La grande – et peut-être même la première – star des journaux intimes est sans doute Samuel Pepys (on prononce « Pips »), un Londonien qui dans la seconde moitié du XVIIe siècle a chroniqué pendant neuf ans sa très agitée vie quotidienne, pour le bonheur des lecteurs comme des historiens. Car l’époque reflétée n’était pas moins agitée – la restauration monarchique en 1660, une épidémie de peste cinq ans plus tard et le grand incendie qui a détruit 80 % de la City l’année suivante. Pepys ratissait large, socialement sinon géographiquement. De Londres il évoque aussi bien le petit peuple – commerçantes, prostituées, actrices – que celui de l’aristocratie ou de la politique, dont il était proche en tant qu’un des hauts responsables de la marine britannique. Son monumental ouvrage (six volumes, 1 250 000 mots) ouvre une lucarne sur l’Angleterre de la fin du XVIIe depuis les mœurs (extrêmement dissolues) de la cour du roi jusqu’au fonctionnement de l’administration militaire, où sévissait une corruption décomplexée. On le voit se balader d’un bout à l’autre de la ville, en coche d’eau sur la Tamise ou en voiture à cheval, et d’un pub à l’autre (où il se pique le nez avec des amis en lutinant les serveuses) avec parfois un détour par l’église – il s’y endort pendant les sermons à moins qu’il n’examine les paroissiennes avec sa petite longue vue de poche. C’est un viveur et un farceur.
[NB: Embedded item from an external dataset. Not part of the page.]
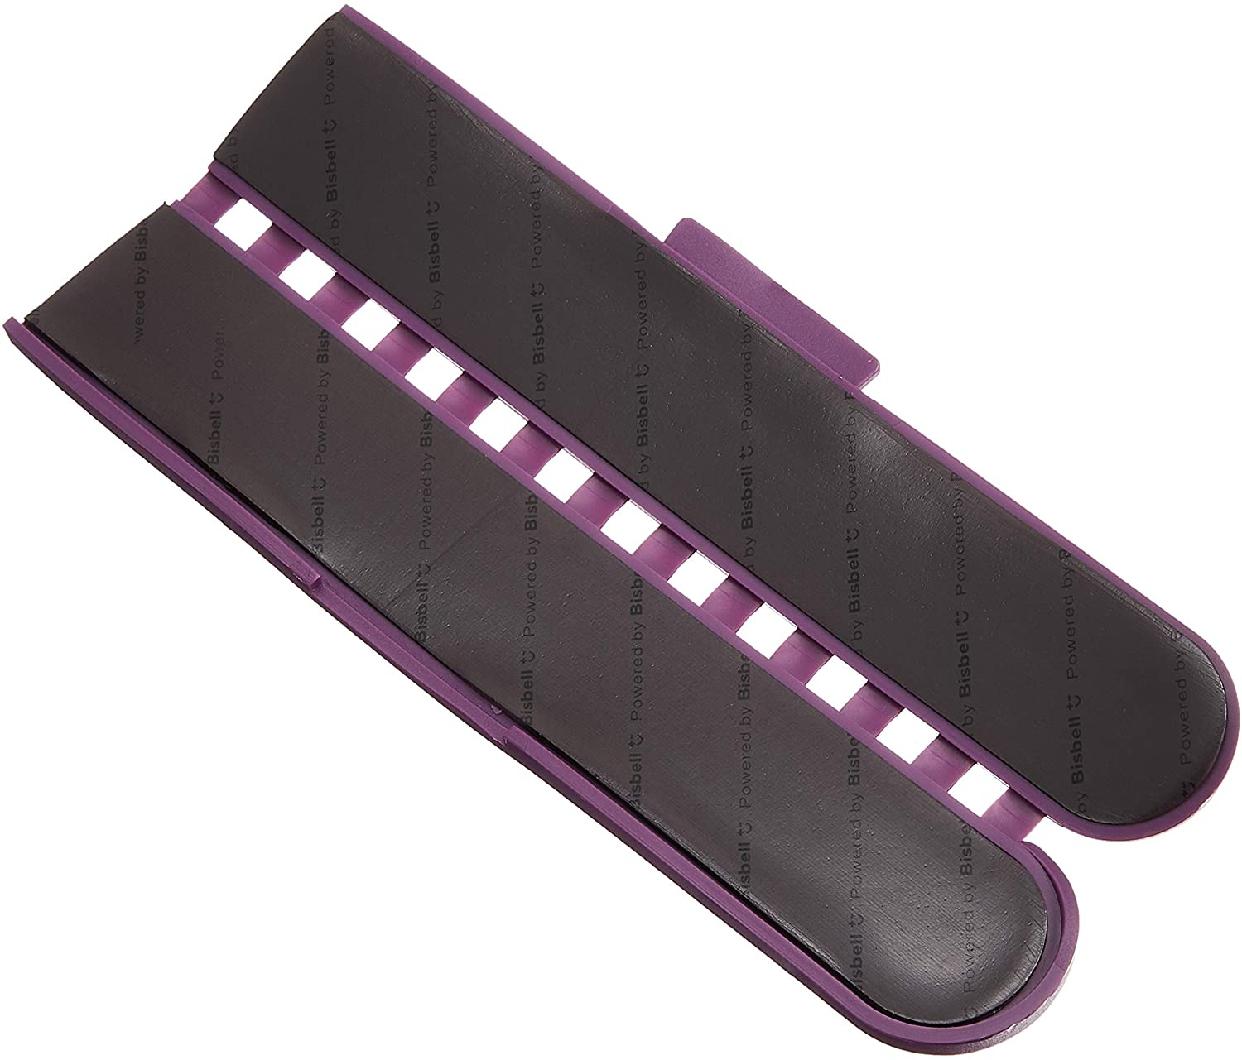 BISBELL(ビスベル) マグネット包丁カバー スタンダードタイプ パープル 小の商品画像2

Ainsi un jour qu’à nouveau tourmenté par sa spectaculaire libido il va rejoindre une demoiselle, il réalise que sa femme le suit, et entraîne la malheureuse derrière lui dans un long circuit à travers la ville… Entre grands évènements, tragédies, cocasseries et surtout friponneries, c’est un témoignage inestimable sur cette fin du XVIIe que livrent les pages de ce journal qui « laissent aussi émerger du passé un personnage unique par sa fascinante mais inquiétante vivacité », commente Dwight Garner dans le New York Times. Les pages accessibles du moins – ce qui exclut toutes celles qu’il a rendues inintelligibles pour dissimuler ses turpitudes.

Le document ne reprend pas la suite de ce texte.